# The task:
Pictures stay out of the output. Return exactly the lines below from the one with "geomax-zoom25-ds-867504-0118-enus-lr-page-2.jpg" down to the one with "plattegrond bestaande bungalow", both included, and nothing more.

# Data under study:
┄┄┄┄┄┄┄┄┄┄
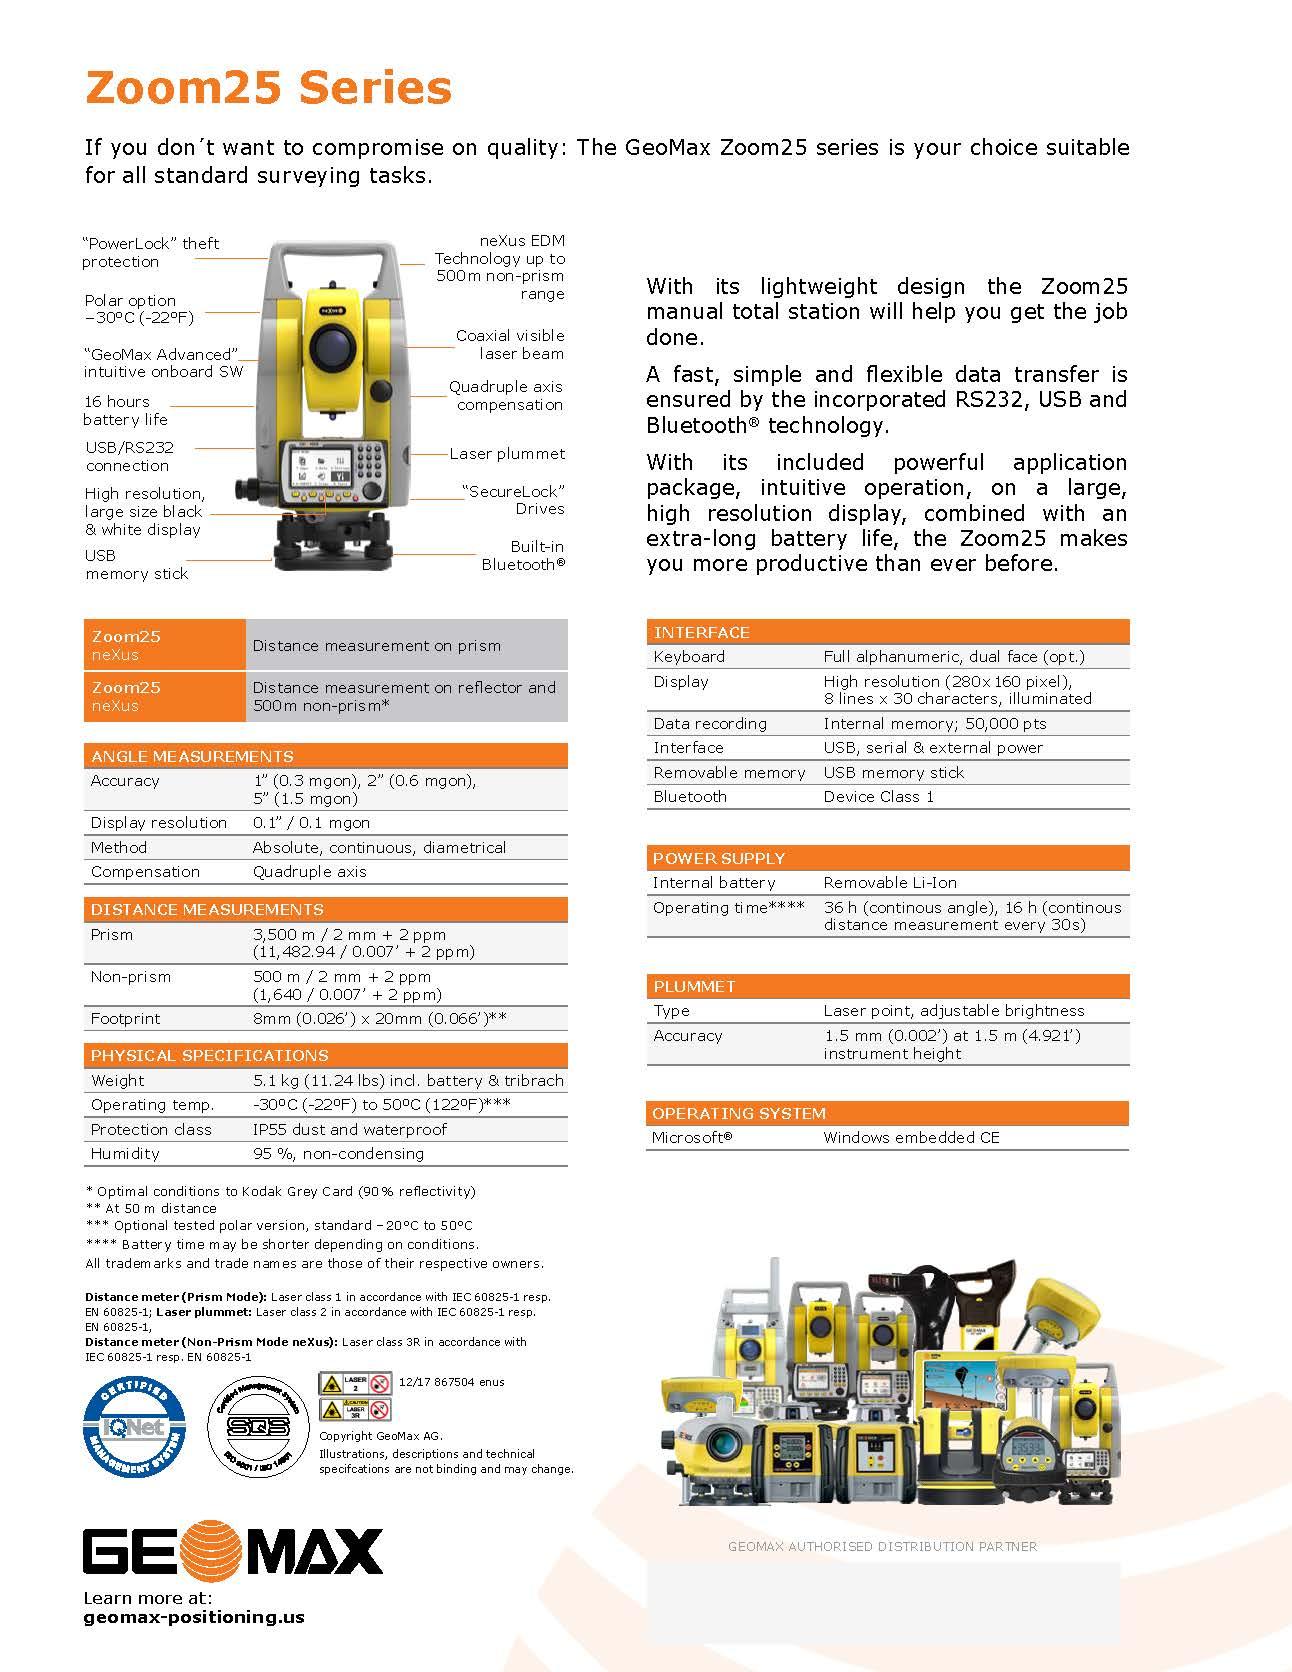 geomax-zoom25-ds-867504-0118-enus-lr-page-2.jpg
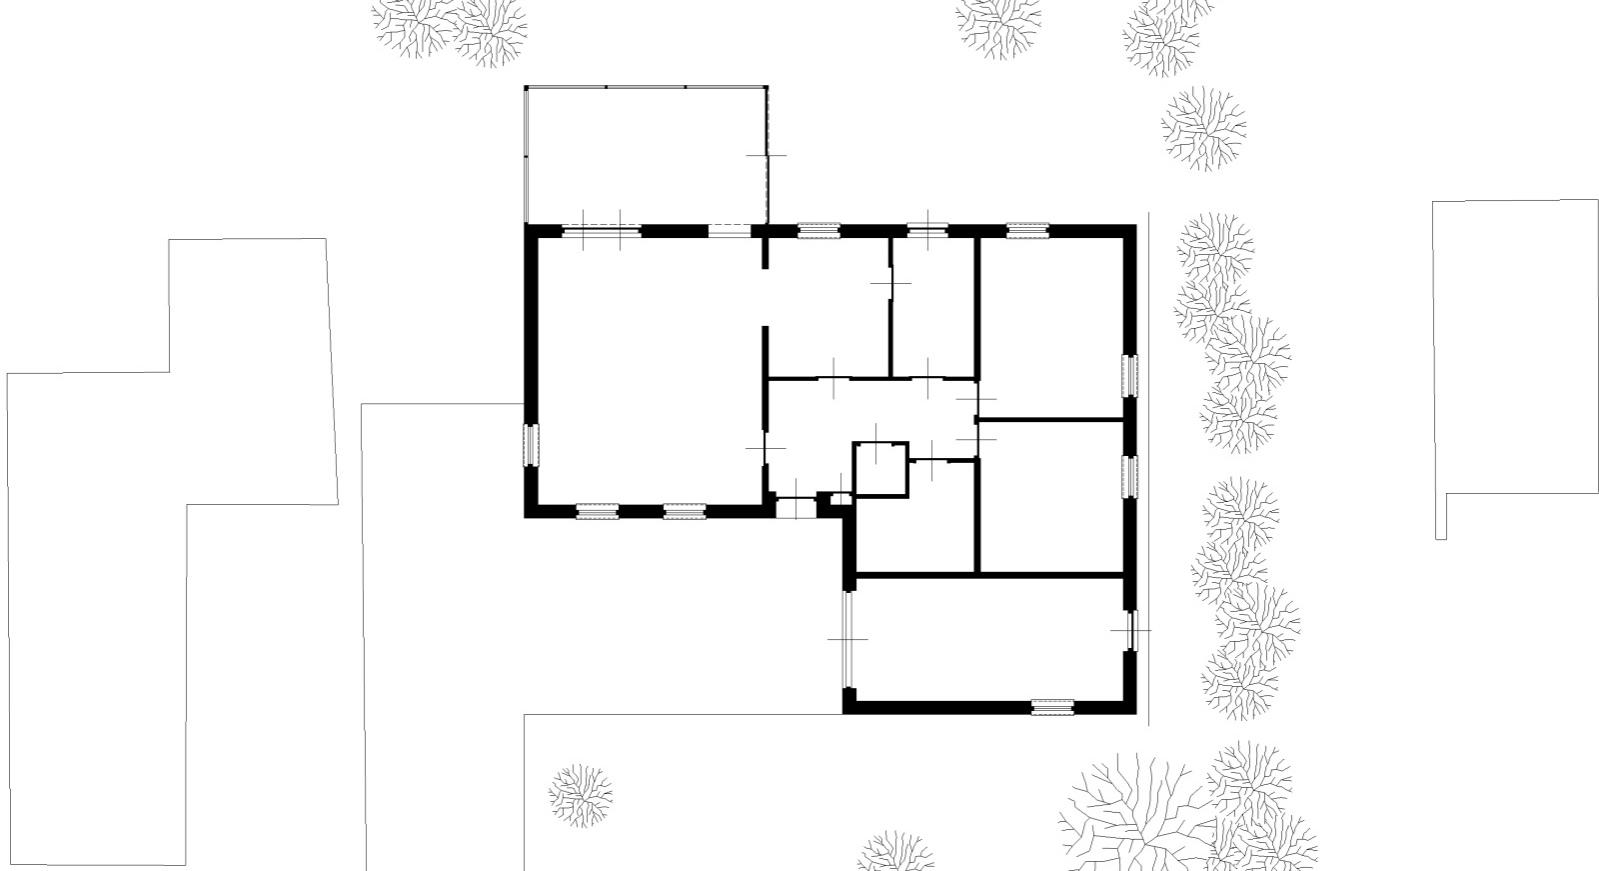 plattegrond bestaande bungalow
┄┄┄┄┄┄┄┄┄┄
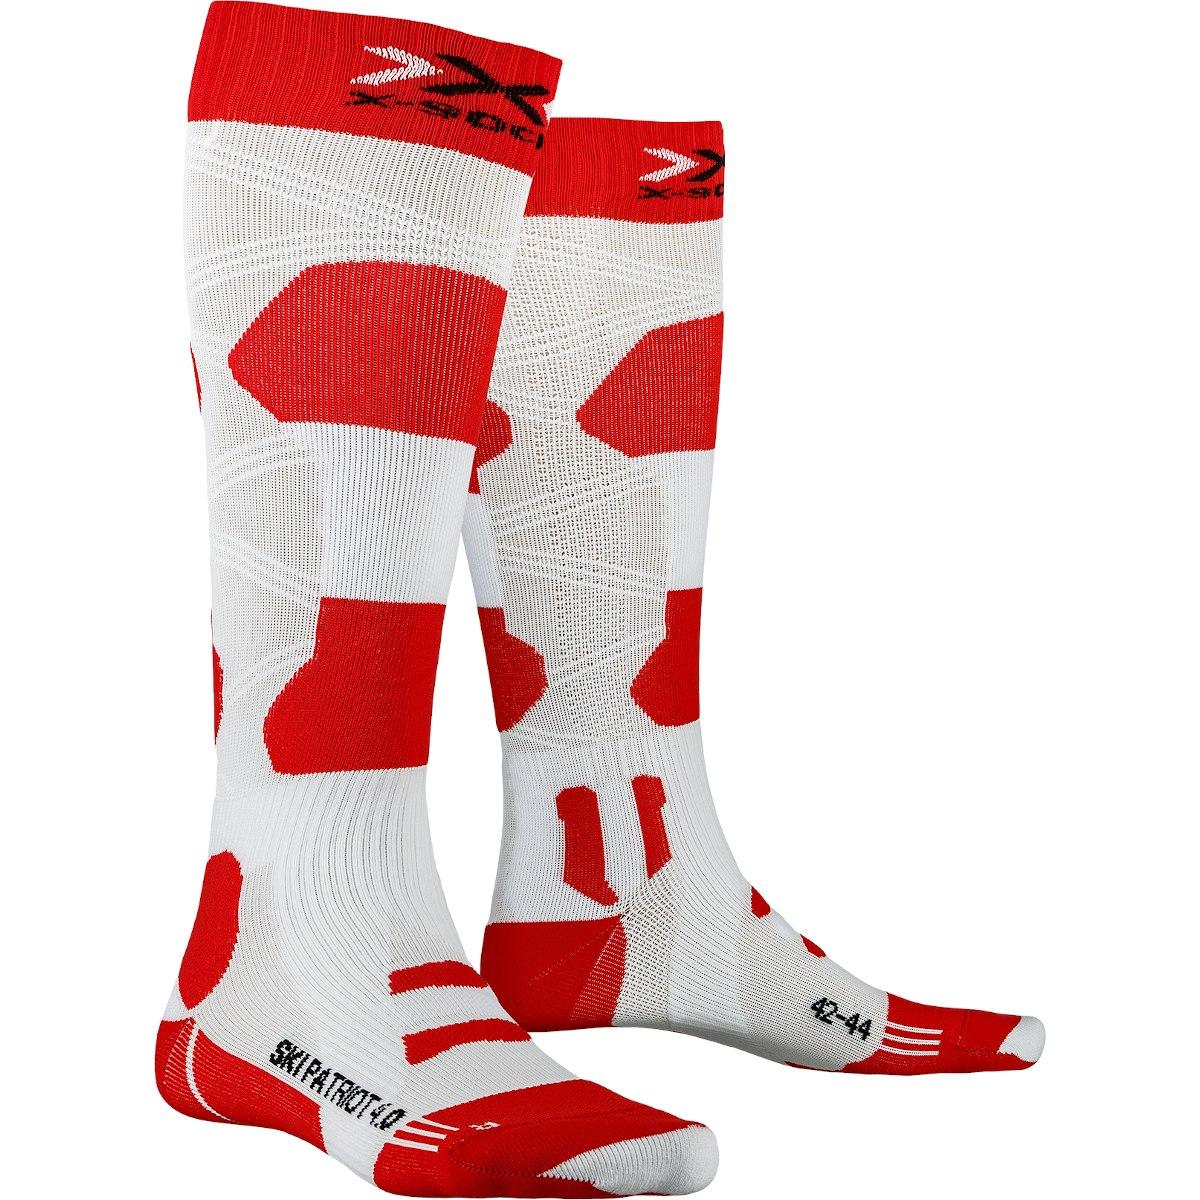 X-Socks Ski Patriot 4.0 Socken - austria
┄┄┄┄┄┄┄┄┄┄
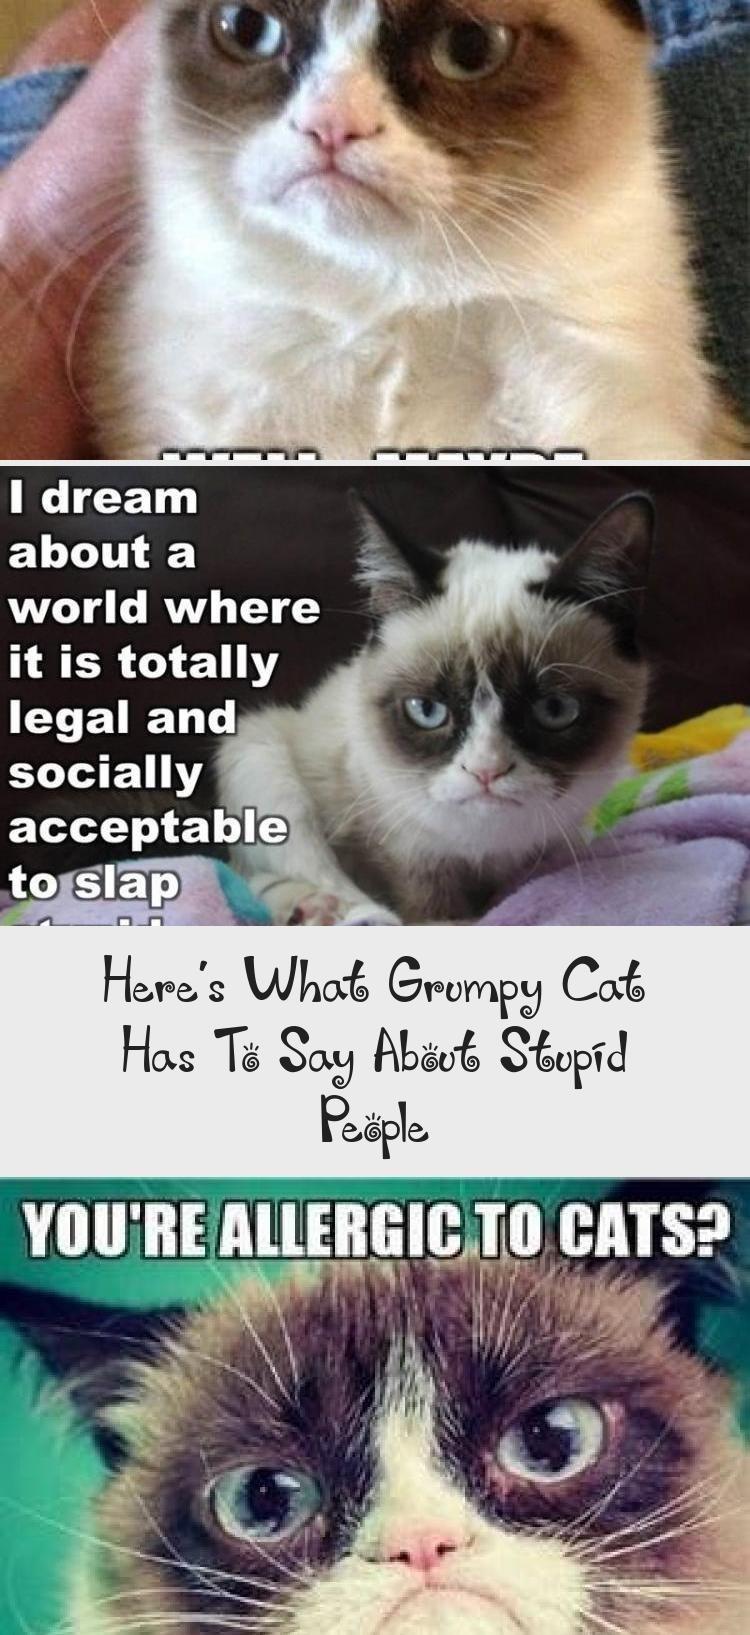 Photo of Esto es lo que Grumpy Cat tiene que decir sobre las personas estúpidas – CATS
┄┄┄┄┄┄┄┄┄┄
# Response:
 geomax-zoom25-ds-867504-0118-enus-lr-page-2.jpg
 plattegrond bestaande bungalow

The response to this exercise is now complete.